Task directions — Without its pictures, the listing below is to be transcribed exactly.

Data segment —
==============================

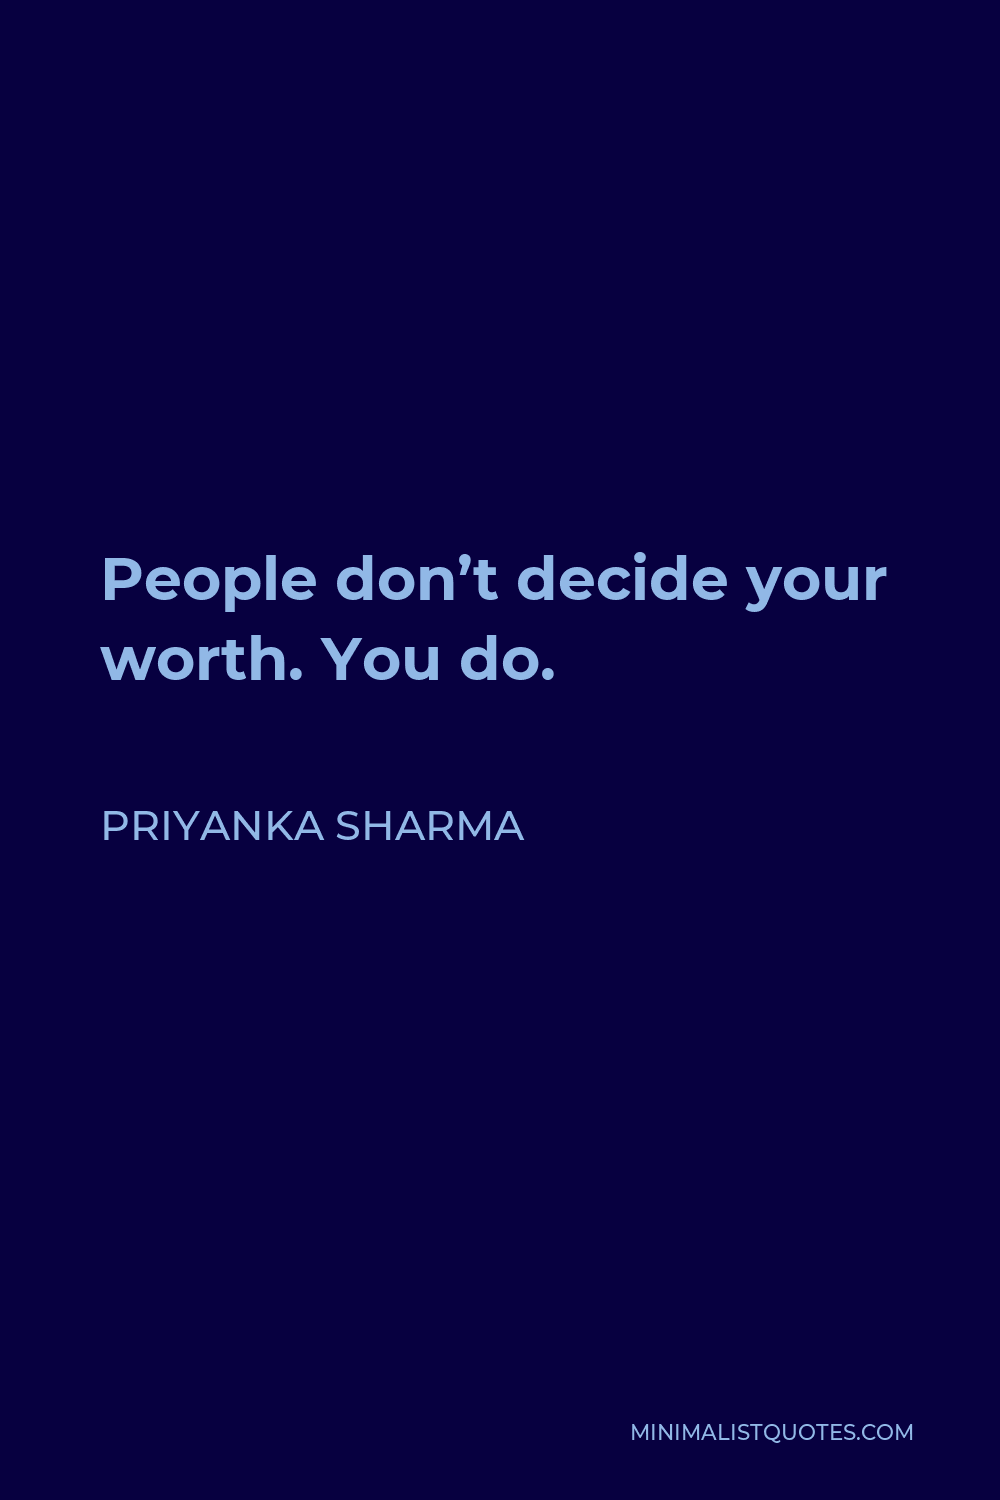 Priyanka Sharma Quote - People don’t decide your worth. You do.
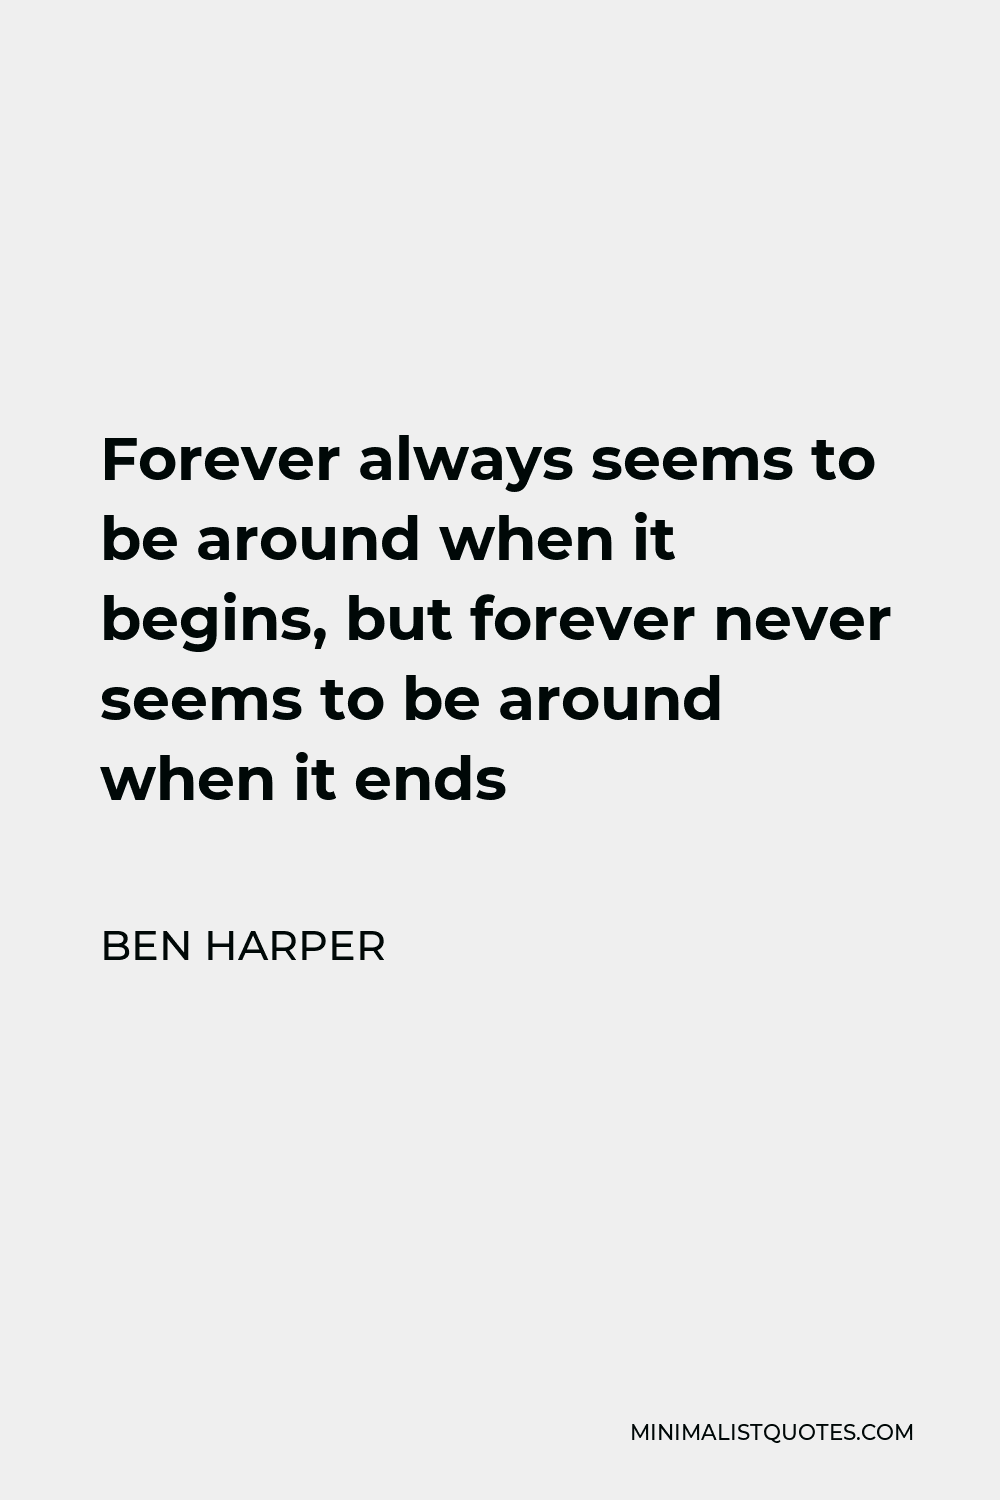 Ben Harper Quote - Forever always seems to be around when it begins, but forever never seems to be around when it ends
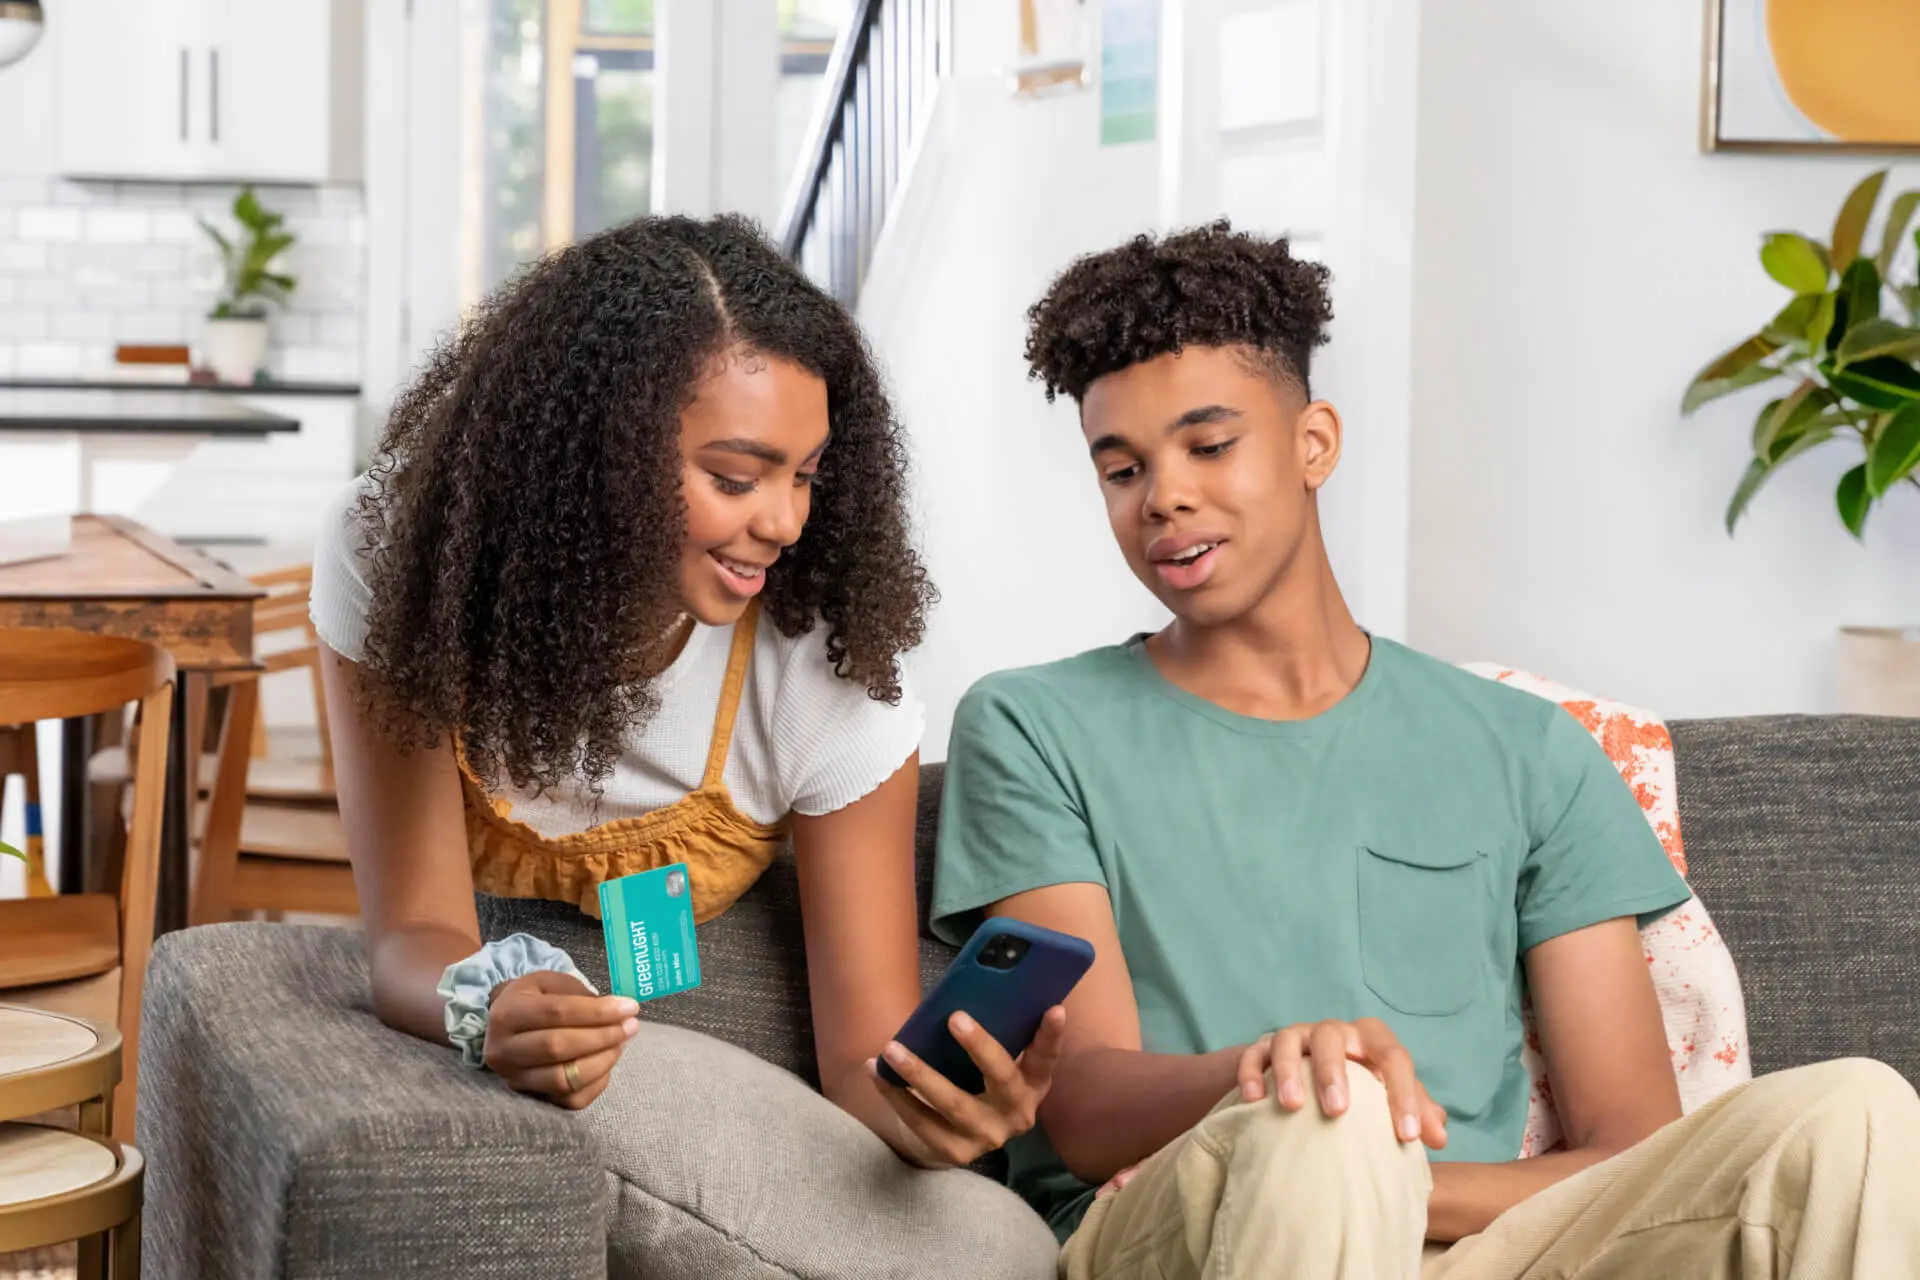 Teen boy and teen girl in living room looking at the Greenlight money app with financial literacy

==============================

Result of the exercise —
 Priyanka Sharma Quote - People don’t decide your worth. You do.
 Ben Harper Quote - Forever always seems to be around when it begins, but forever never seems to be around when it ends
 Teen boy and teen girl in living room looking at the Greenlight money app with financial literacy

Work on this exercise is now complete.